11.06.2013, 17:24 Uhr

Netzentgelte: Industrie spart 416 Mio. Euro

Berlin/Münster – Über 3.000 Unternehmen haben einen Antrag auf ein verringertes Netzentgelt für 2012 gestellt. Möglich ist dies durch eine Ausnahmeregelung in der Stromnetzentgeltverordnung. Die Netzbetreiber sind verpflichtet, Unternehmen mit einem hohen Stromverbrauch einen individuellen Netznutzungstarif anzubieten. Dieser Tarif kann auf bis zu 20 Prozent der normalen Netzentgelte sinken. Seit 2012 und rückwirkend für 2011 können sich besonders energieintensive Unternehmen sogar komplett von den Netzentgelten befreien lassen, sobald sie mindestens 7.000 Stunden pro Jahr Strom nachfragen und ihr Verbrauch über 10.000 Megawattstunden (MWh) liegt. Eine Anfrage der Grünen an die Bundesregierung nun ergeben, dass sich die Gesamtsumme der Entlastungen in den Jahren 2011 und 2012 für energieintensive Unternehmen auf 416 Mio. Euro beläuft. Dieser Betrag wird genau wie bei der EEG-Umlage auf die übrigen Verbraucher umgelegt. Momentan ergibt sich dadurch eine Mehrbelastung von 0,329 Cent pro Kilowattstunde (kWh) für Haushalte und nicht befreite Unternehmen.

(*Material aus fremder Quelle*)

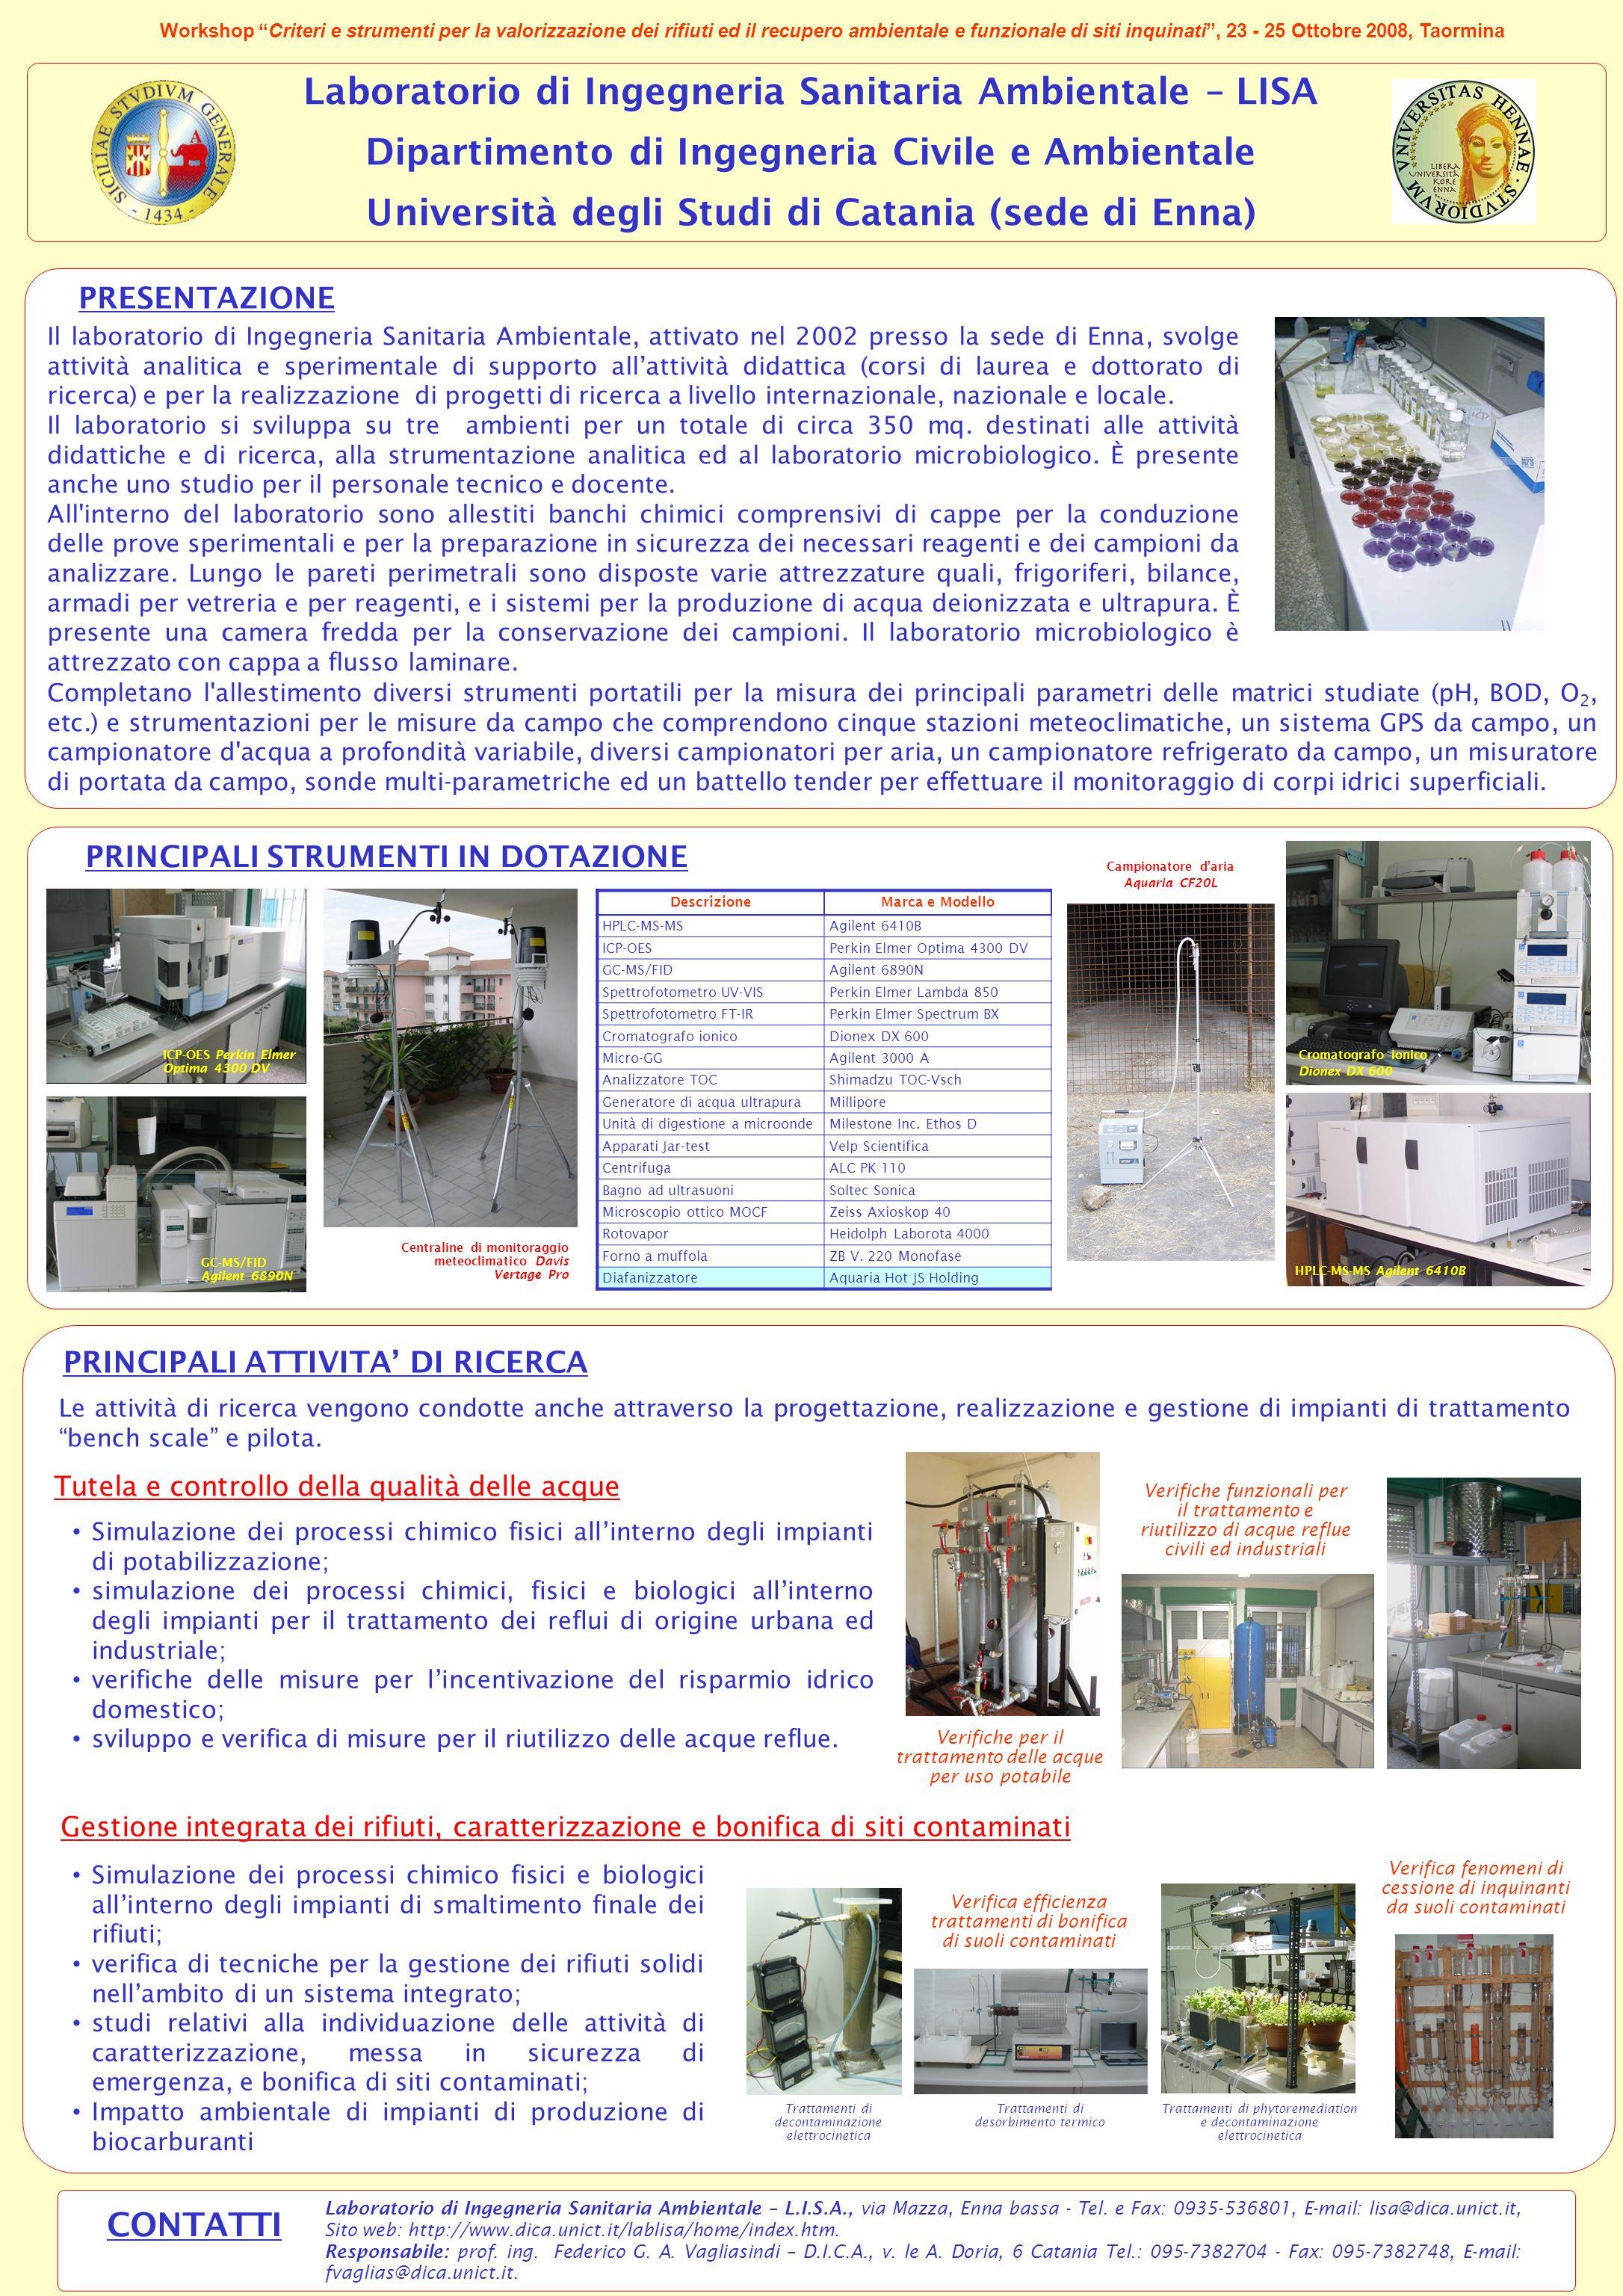 Laboratorio di Ingegneria Sanitaria Ambientale – LISA Dipartimento di Ingegneria Civile e Ambientale Università degli Studi di Catania (sede di Enna)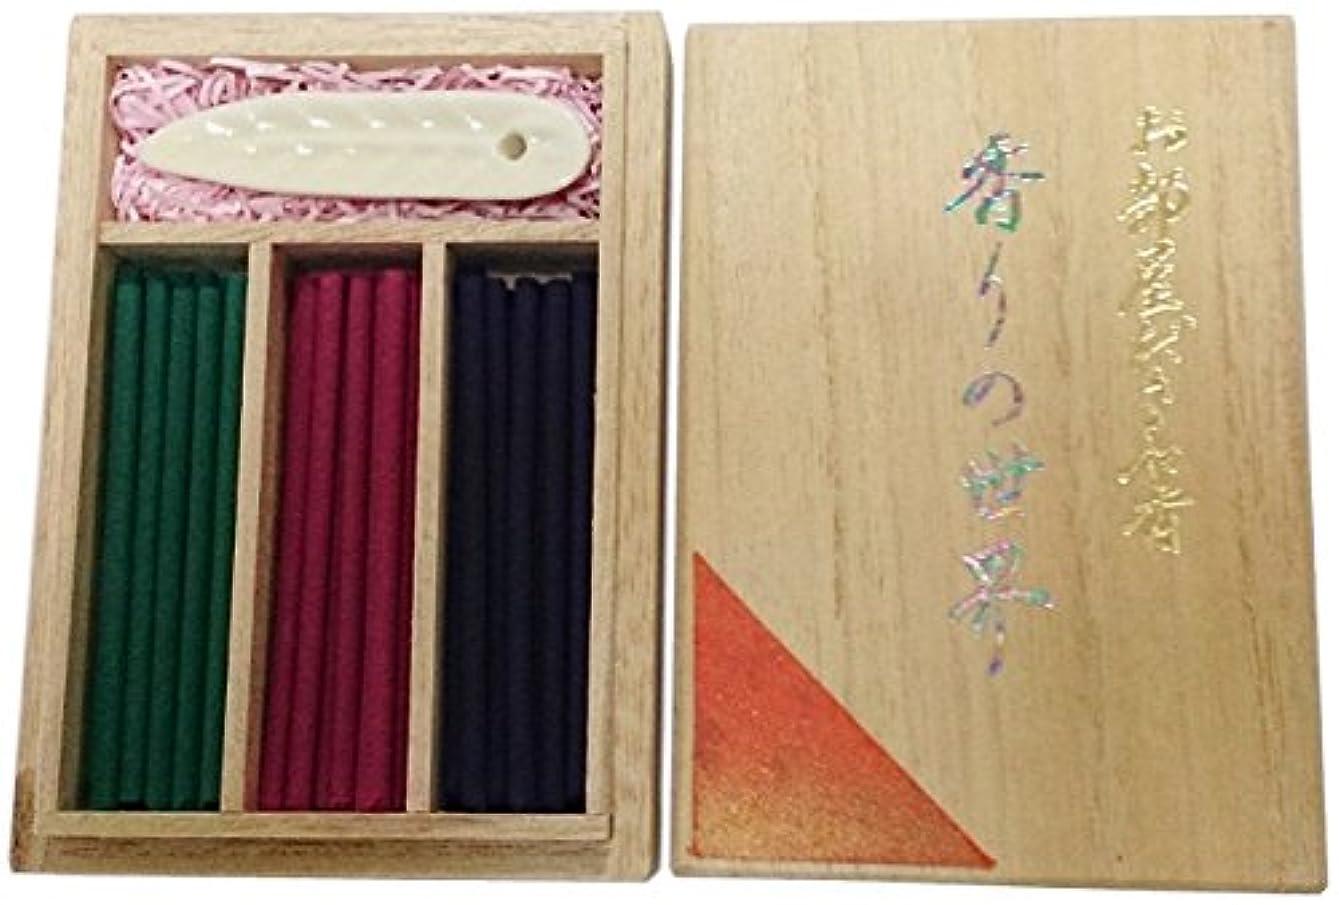 アパートお別れ解釈する淡路梅薫堂のお香 スティック 贈り物 ギフト 香りの世界 桐箱 #651

EU-Kommission ermittelt gegen Deutschland

Wegen der Netzentgeltbefreiung energieintensiver Unternehmen hat die EU-Kommission bereits im März 2013 ein förmliches Beihilfe Verfahren gegen Deutschland eingeleitet, um zu ermitteln, ob staatliche Beihilfe vorliegt. Gegenwärtig ist die Kommission der Auffassung, dass es sich bei der Umlage um eine staatliche Subventionierung handeln könnte. Dadurch würde den Begünstigten ein selektiver Vorteil gegenüber Wettbewerbern der anderen Mitgliedstaaten verschafft und der EU-Binnenmarkt verzerrt. Sollte sich der Tatbestand bestätigen, müssten alle begünstigten Unternehmen die Netzentgelte rückwirkend zurückzahlen. Das Oberlandesgericht Düsseldorf kam bereits zu dem Schluss, dass die Netzentgeltbefreiung nichtig ist. Fünf regionale und überregionale Netzbetreiber hatten dagegen geklagt. In der Urteilsverkündung hieß es, dass keine ausreichende gesetzliche Ermächtigungsgrundlage für die Befreiung von Netzentgelten gesehen wird.

Stromintensive Industrie im Vorteil: keine EEG- und Netzumlage

Die stromintensive Industrie in Deutschland wird vom Staat gleich mehrfach bevorzugt. Nicht nur von den Netzentgelten werden die Unternehmen befreit, sondern auch von der Zahlung der Umlage für den Ausbau der regenerativen Energien nach dem Erneuerbare-Energien-Gesetz (EEG). Unternehmen mit einem Stromverbrauch von einer Gigawattstunde (GWh) pro Jahr werden von der EEG-Umlage ganz oder teilweise befreit. Beide Umlagen verteilen sich damit auf immer weniger Schultern. Vor allem private Verbraucher sowie kleine und mittlere Unternehmen sind davon betroffen. Hinzu kommt, dass die Preise an der Strombörse seit 2012 kräftig sinken. Industriekunden können sich sowohl am Spotmarkt als auch am Terminmarkt für die nächsten Jahre günstig mit Strom eindecken und profitieren so doppelt.